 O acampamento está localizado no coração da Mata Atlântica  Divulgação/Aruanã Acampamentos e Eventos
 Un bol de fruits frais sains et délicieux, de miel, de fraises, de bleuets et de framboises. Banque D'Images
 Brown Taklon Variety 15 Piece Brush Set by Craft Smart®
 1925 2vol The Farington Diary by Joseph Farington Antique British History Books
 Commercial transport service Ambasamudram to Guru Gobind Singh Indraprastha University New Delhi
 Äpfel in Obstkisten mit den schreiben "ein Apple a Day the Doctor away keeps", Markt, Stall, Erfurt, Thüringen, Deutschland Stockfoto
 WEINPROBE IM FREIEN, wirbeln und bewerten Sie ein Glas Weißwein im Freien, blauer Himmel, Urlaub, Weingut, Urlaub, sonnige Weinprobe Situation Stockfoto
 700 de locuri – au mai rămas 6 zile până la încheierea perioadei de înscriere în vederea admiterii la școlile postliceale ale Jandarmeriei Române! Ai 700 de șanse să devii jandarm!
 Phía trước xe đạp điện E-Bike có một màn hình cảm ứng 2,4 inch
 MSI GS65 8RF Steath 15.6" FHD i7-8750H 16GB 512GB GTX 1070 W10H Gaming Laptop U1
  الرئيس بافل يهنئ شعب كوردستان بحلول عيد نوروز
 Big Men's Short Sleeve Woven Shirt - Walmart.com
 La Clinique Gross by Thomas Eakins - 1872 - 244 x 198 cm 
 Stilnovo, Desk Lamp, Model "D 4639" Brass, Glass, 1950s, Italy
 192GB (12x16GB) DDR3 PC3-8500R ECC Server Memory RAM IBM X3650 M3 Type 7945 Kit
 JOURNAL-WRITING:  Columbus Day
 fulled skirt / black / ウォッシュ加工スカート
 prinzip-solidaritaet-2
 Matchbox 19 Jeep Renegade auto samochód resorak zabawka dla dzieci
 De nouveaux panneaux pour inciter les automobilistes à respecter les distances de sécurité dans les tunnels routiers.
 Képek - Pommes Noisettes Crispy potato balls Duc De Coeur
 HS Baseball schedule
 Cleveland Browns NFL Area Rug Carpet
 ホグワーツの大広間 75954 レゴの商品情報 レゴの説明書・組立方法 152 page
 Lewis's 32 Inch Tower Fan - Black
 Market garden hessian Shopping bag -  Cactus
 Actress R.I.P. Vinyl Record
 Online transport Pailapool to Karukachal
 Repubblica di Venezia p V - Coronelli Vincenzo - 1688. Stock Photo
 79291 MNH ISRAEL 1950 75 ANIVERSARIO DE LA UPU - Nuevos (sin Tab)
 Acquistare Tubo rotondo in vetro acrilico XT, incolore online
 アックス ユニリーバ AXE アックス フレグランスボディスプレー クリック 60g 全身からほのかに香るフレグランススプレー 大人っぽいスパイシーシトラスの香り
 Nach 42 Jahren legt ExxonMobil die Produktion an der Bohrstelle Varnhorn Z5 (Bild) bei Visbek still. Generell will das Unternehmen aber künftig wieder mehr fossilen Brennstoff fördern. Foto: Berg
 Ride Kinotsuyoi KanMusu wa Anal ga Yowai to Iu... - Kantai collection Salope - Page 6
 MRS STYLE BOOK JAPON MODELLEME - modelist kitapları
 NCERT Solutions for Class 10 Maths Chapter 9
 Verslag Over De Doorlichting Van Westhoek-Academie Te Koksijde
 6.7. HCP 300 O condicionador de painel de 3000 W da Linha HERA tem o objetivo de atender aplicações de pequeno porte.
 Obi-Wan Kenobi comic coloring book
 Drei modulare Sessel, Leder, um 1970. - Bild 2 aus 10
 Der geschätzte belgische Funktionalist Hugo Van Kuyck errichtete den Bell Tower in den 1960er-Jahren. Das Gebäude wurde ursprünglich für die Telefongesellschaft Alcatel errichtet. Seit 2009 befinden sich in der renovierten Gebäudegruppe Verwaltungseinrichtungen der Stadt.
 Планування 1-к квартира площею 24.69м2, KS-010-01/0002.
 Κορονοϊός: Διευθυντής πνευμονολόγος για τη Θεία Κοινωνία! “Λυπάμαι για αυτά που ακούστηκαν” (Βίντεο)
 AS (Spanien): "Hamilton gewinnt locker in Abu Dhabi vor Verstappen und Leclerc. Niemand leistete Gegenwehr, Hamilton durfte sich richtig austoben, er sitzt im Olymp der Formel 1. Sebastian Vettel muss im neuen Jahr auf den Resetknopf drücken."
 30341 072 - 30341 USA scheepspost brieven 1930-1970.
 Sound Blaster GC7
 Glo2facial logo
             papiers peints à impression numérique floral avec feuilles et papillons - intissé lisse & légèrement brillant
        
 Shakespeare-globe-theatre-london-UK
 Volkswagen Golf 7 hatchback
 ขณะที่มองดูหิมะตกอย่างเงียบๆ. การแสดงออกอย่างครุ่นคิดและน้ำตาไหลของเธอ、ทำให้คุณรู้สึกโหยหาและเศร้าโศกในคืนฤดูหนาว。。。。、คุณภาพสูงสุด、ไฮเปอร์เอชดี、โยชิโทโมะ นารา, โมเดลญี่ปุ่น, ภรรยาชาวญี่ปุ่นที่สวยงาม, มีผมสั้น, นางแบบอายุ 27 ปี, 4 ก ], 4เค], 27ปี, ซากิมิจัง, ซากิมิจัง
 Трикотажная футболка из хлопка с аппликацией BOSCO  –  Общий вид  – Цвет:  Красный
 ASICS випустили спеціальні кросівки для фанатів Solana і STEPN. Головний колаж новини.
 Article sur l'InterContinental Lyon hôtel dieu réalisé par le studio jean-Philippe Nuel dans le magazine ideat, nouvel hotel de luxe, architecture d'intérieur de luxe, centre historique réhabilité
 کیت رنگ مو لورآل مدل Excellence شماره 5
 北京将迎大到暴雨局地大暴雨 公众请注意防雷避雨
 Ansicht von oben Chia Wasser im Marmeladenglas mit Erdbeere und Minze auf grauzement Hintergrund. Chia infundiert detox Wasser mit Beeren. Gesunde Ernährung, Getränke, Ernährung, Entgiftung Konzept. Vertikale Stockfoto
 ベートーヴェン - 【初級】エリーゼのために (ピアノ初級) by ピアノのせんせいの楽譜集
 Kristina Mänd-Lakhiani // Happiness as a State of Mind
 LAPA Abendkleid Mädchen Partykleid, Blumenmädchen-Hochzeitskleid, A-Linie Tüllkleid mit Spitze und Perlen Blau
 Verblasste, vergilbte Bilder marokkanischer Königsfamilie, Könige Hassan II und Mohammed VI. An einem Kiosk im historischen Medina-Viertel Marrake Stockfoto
---*---
** The problem **
Nothing in the records may change; output all of them exactly.

** Response below **
 O acampamento está localizado no coração da Mata Atlântica  Divulgação/Aruanã Acampamentos e Eventos
 Un bol de fruits frais sains et délicieux, de miel, de fraises, de bleuets et de framboises. Banque D'Images
 Brown Taklon Variety 15 Piece Brush Set by Craft Smart®
 1925 2vol The Farington Diary by Joseph Farington Antique British History Books
 Commercial transport service Ambasamudram to Guru Gobind Singh Indraprastha University New Delhi
 Äpfel in Obstkisten mit den schreiben "ein Apple a Day the Doctor away keeps", Markt, Stall, Erfurt, Thüringen, Deutschland Stockfoto
 WEINPROBE IM FREIEN, wirbeln und bewerten Sie ein Glas Weißwein im Freien, blauer Himmel, Urlaub, Weingut, Urlaub, sonnige Weinprobe Situation Stockfoto
 700 de locuri – au mai rămas 6 zile până la încheierea perioadei de înscriere în vederea admiterii la școlile postliceale ale Jandarmeriei Române! Ai 700 de șanse să devii jandarm!
 Phía trước xe đạp điện E-Bike có một màn hình cảm ứng 2,4 inch
 MSI GS65 8RF Steath 15.6" FHD i7-8750H 16GB 512GB GTX 1070 W10H Gaming Laptop U1
  الرئيس بافل يهنئ شعب كوردستان بحلول عيد نوروز
 Big Men's Short Sleeve Woven Shirt - Walmart.com
 La Clinique Gross by Thomas Eakins - 1872 - 244 x 198 cm 
 Stilnovo, Desk Lamp, Model "D 4639" Brass, Glass, 1950s, Italy
 192GB (12x16GB) DDR3 PC3-8500R ECC Server Memory RAM IBM X3650 M3 Type 7945 Kit
 JOURNAL-WRITING:  Columbus Day
 fulled skirt / black / ウォッシュ加工スカート
 prinzip-solidaritaet-2
 Matchbox 19 Jeep Renegade auto samochód resorak zabawka dla dzieci
 De nouveaux panneaux pour inciter les automobilistes à respecter les distances de sécurité dans les tunnels routiers.
 Képek - Pommes Noisettes Crispy potato balls Duc De Coeur
 HS Baseball schedule
 Cleveland Browns NFL Area Rug Carpet
 ホグワーツの大広間 75954 レゴの商品情報 レゴの説明書・組立方法 152 page
 Lewis's 32 Inch Tower Fan - Black
 Market garden hessian Shopping bag -  Cactus
 Actress R.I.P. Vinyl Record
 Online transport Pailapool to Karukachal
 Repubblica di Venezia p V - Coronelli Vincenzo - 1688. Stock Photo
 79291 MNH ISRAEL 1950 75 ANIVERSARIO DE LA UPU - Nuevos (sin Tab)
 Acquistare Tubo rotondo in vetro acrilico XT, incolore online
 アックス ユニリーバ AXE アックス フレグランスボディスプレー クリック 60g 全身からほのかに香るフレグランススプレー 大人っぽいスパイシーシトラスの香り
 Nach 42 Jahren legt ExxonMobil die Produktion an der Bohrstelle Varnhorn Z5 (Bild) bei Visbek still. Generell will das Unternehmen aber künftig wieder mehr fossilen Brennstoff fördern. Foto: Berg
 Ride Kinotsuyoi KanMusu wa Anal ga Yowai to Iu... - Kantai collection Salope - Page 6
 MRS STYLE BOOK JAPON MODELLEME - modelist kitapları
 NCERT Solutions for Class 10 Maths Chapter 9
 Verslag Over De Doorlichting Van Westhoek-Academie Te Koksijde
 6.7. HCP 300 O condicionador de painel de 3000 W da Linha HERA tem o objetivo de atender aplicações de pequeno porte.
 Obi-Wan Kenobi comic coloring book
 Drei modulare Sessel, Leder, um 1970. - Bild 2 aus 10
 Der geschätzte belgische Funktionalist Hugo Van Kuyck errichtete den Bell Tower in den 1960er-Jahren. Das Gebäude wurde ursprünglich für die Telefongesellschaft Alcatel errichtet. Seit 2009 befinden sich in der renovierten Gebäudegruppe Verwaltungseinrichtungen der Stadt.
 Планування 1-к квартира площею 24.69м2, KS-010-01/0002.
 Κορονοϊός: Διευθυντής πνευμονολόγος για τη Θεία Κοινωνία! “Λυπάμαι για αυτά που ακούστηκαν” (Βίντεο)
 AS (Spanien): "Hamilton gewinnt locker in Abu Dhabi vor Verstappen und Leclerc. Niemand leistete Gegenwehr, Hamilton durfte sich richtig austoben, er sitzt im Olymp der Formel 1. Sebastian Vettel muss im neuen Jahr auf den Resetknopf drücken."
 30341 072 - 30341 USA scheepspost brieven 1930-1970.
 Sound Blaster GC7
 Glo2facial logo
             papiers peints à impression numérique floral avec feuilles et papillons - intissé lisse & légèrement brillant
        
 Shakespeare-globe-theatre-london-UK
 Volkswagen Golf 7 hatchback
 ขณะที่มองดูหิมะตกอย่างเงียบๆ. การแสดงออกอย่างครุ่นคิดและน้ำตาไหลของเธอ、ทำให้คุณรู้สึกโหยหาและเศร้าโศกในคืนฤดูหนาว。。。。、คุณภาพสูงสุด、ไฮเปอร์เอชดี、โยชิโทโมะ นารา, โมเดลญี่ปุ่น, ภรรยาชาวญี่ปุ่นที่สวยงาม, มีผมสั้น, นางแบบอายุ 27 ปี, 4 ก ], 4เค], 27ปี, ซากิมิจัง, ซากิมิจัง
 Трикотажная футболка из хлопка с аппликацией BOSCO  –  Общий вид  – Цвет:  Красный
 ASICS випустили спеціальні кросівки для фанатів Solana і STEPN. Головний колаж новини.
 Article sur l'InterContinental Lyon hôtel dieu réalisé par le studio jean-Philippe Nuel dans le magazine ideat, nouvel hotel de luxe, architecture d'intérieur de luxe, centre historique réhabilité
 کیت رنگ مو لورآل مدل Excellence شماره 5
 北京将迎大到暴雨局地大暴雨 公众请注意防雷避雨
 Ansicht von oben Chia Wasser im Marmeladenglas mit Erdbeere und Minze auf grauzement Hintergrund. Chia infundiert detox Wasser mit Beeren. Gesunde Ernährung, Getränke, Ernährung, Entgiftung Konzept. Vertikale Stockfoto
 ベートーヴェン - 【初級】エリーゼのために (ピアノ初級) by ピアノのせんせいの楽譜集
 Kristina Mänd-Lakhiani // Happiness as a State of Mind
 LAPA Abendkleid Mädchen Partykleid, Blumenmädchen-Hochzeitskleid, A-Linie Tüllkleid mit Spitze und Perlen Blau
 Verblasste, vergilbte Bilder marokkanischer Königsfamilie, Könige Hassan II und Mohammed VI. An einem Kiosk im historischen Medina-Viertel Marrake Stockfoto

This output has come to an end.